XML has become a widely accepted standard for data transmission. It is well understood and extremely portable. The fact that XML is text-based makes it convenient to transmit over HTTP. There are the issues of marshaling and unmarshaling data to and from the required XML format, but the complexity of this process can be hidden using client-side proxies.

SOAP

SOAP is the protocol used by Web service consumers for sending requests to and receiving responses from Web services. SOAP is a lightweight protocol built on top of HTTP. It is possible to exchange SOAP messages over other protocols, but as of summer 2002 only the HTTP bindings for SOAP have been defined. SOAP defines an XML grammar for specifying the names of methods that a consumer wants to invoke on a Web service, for defining the parameters and return values, and for describing the types of parameters and return values.

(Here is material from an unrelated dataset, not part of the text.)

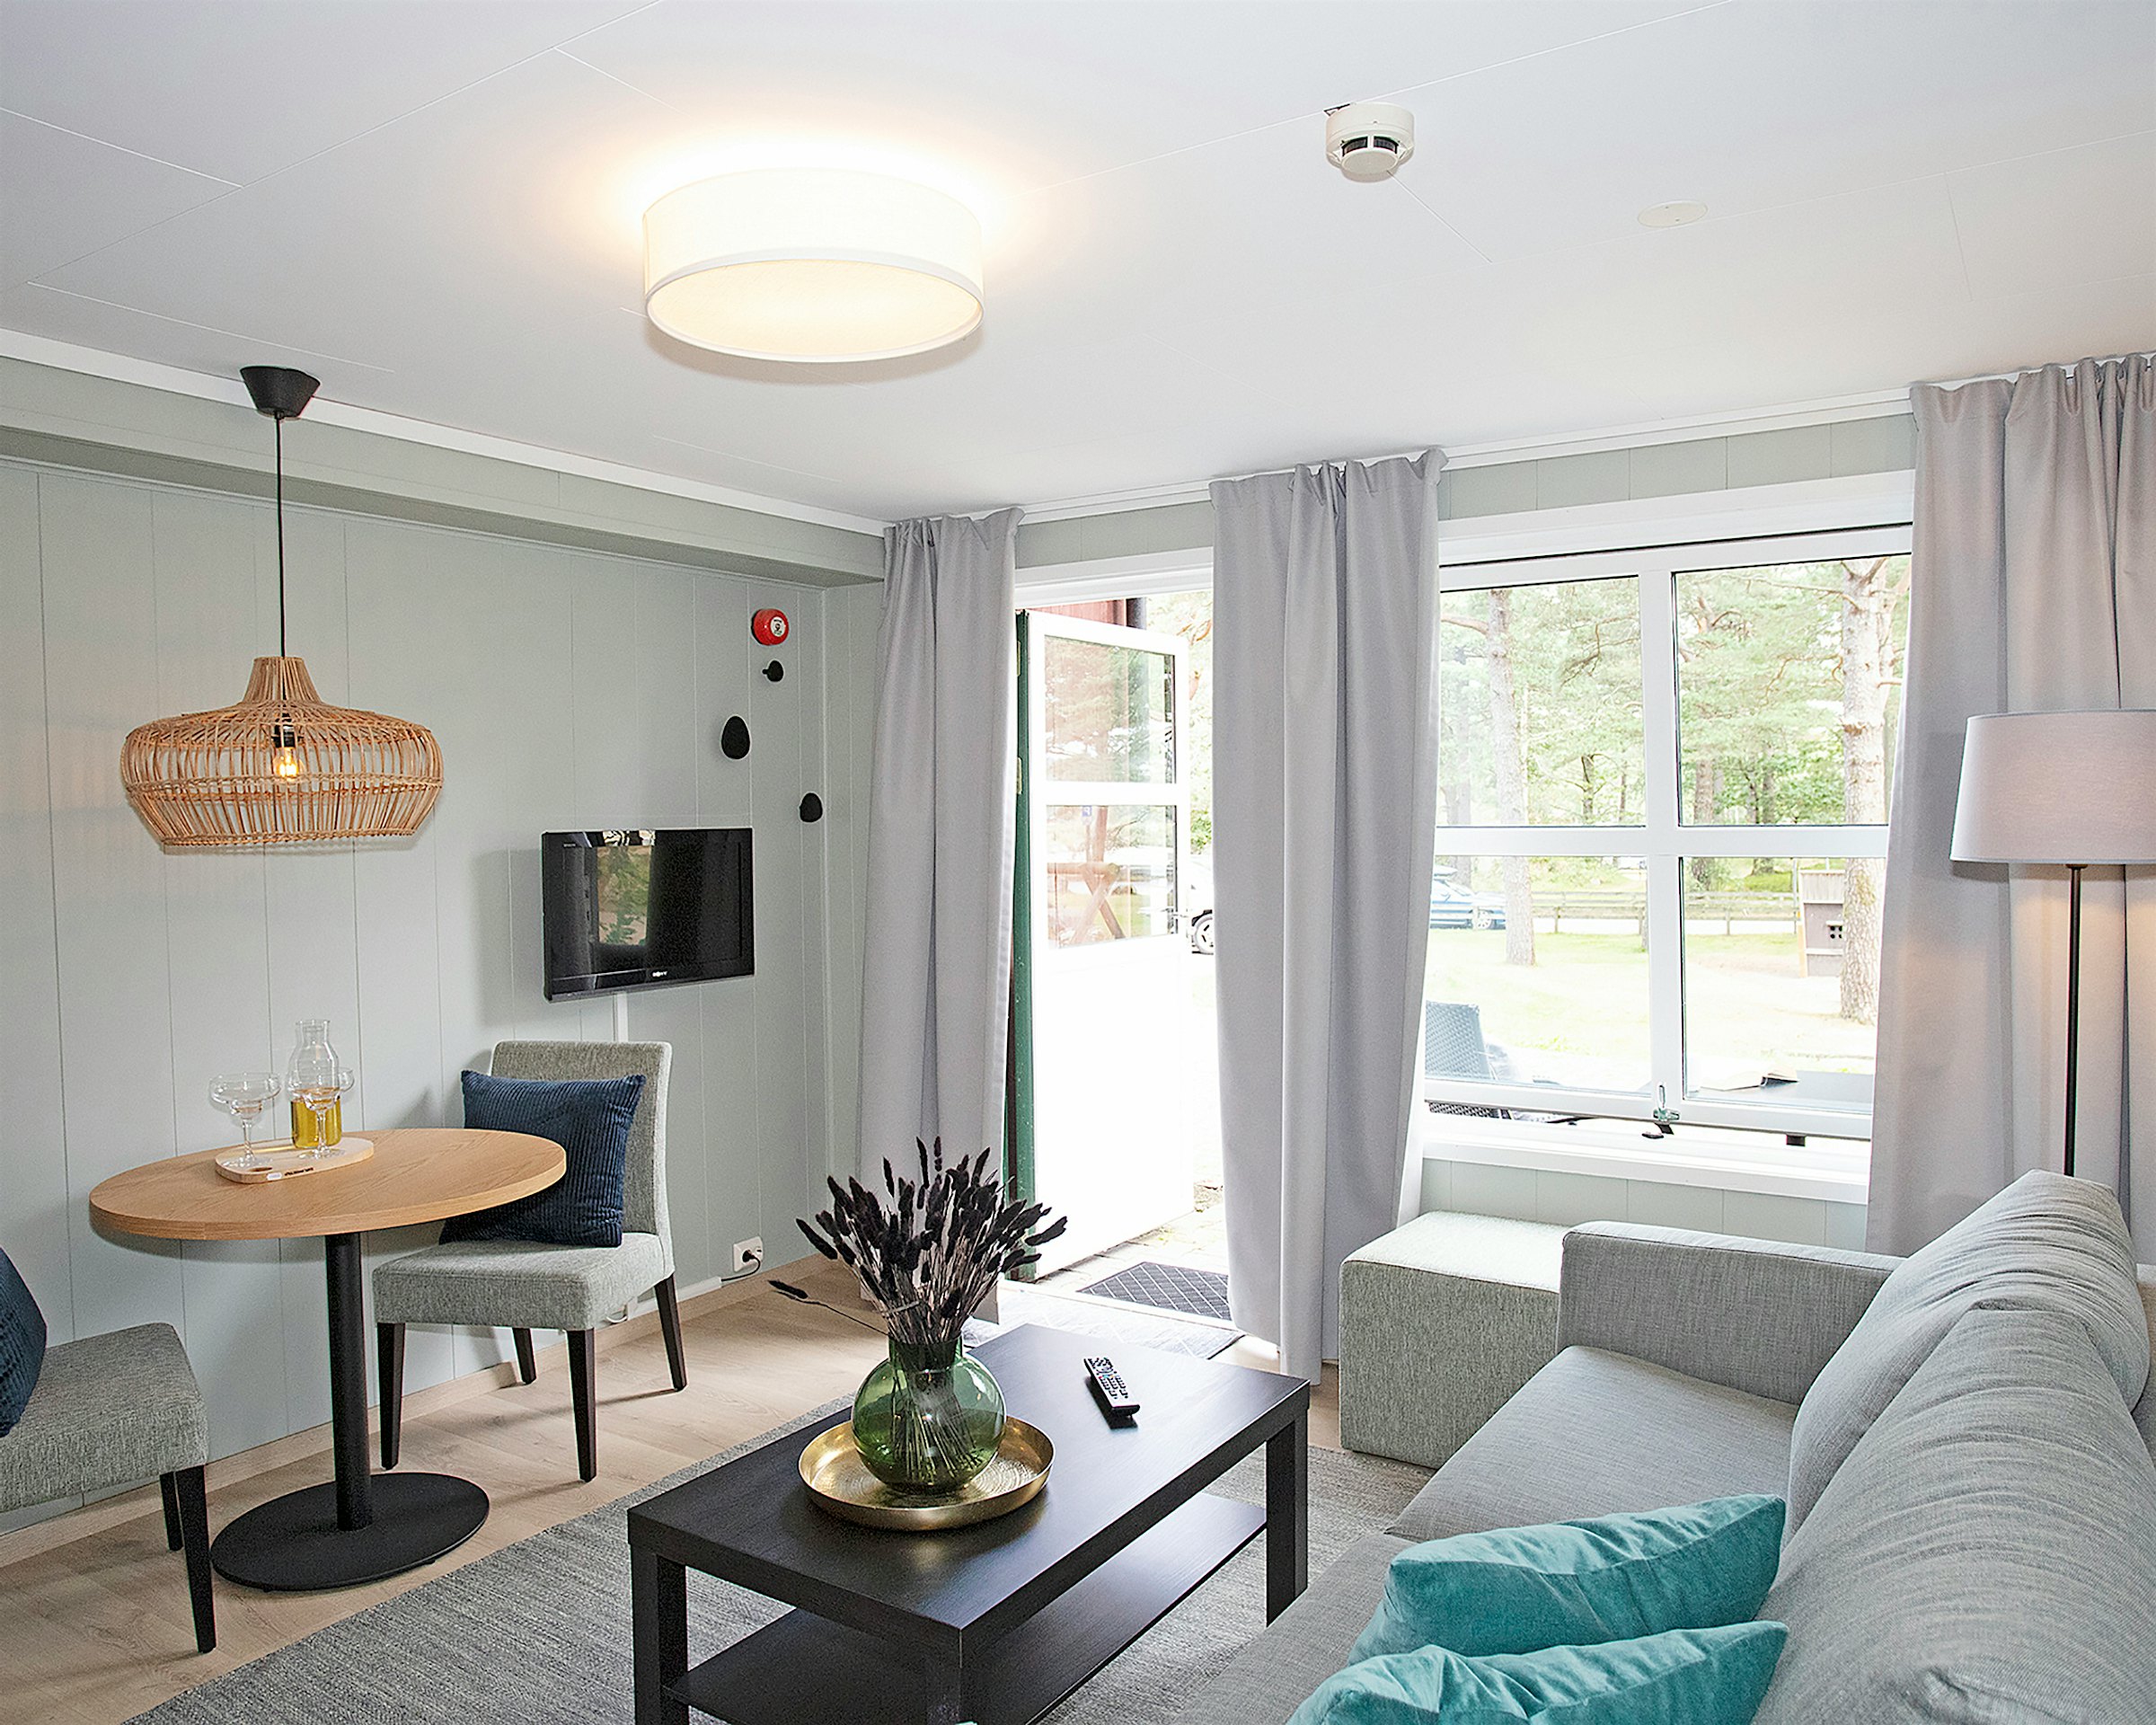 Lys og moderne stue med sofa, spisebord, TV, store vinduer med lange lyse gardinger. Foto

When a client calls a Web service, it must specify the method and parameters using this XML grammar. Most tools for building applications that consume Web services create a client-side proxy that makes a call to a Web service appear to the client like a local procedure call. The proxy converts any parameters into the appropriate XML format and then calls the Web service using HTTP on behalf of the client. Any return values (which are passed back as XML) are unmarshaled into the native format expected by the client. Figure 1-8 shows a Web service consumer invoking a Web service using SOAP.

SOAP is becoming an industry standard. Its function is to improve cross-platform interoperability. The strength of SOAP lies in its simplicity, as well as the fact that it is based on two other industry-standard technologies, HTTP and XML.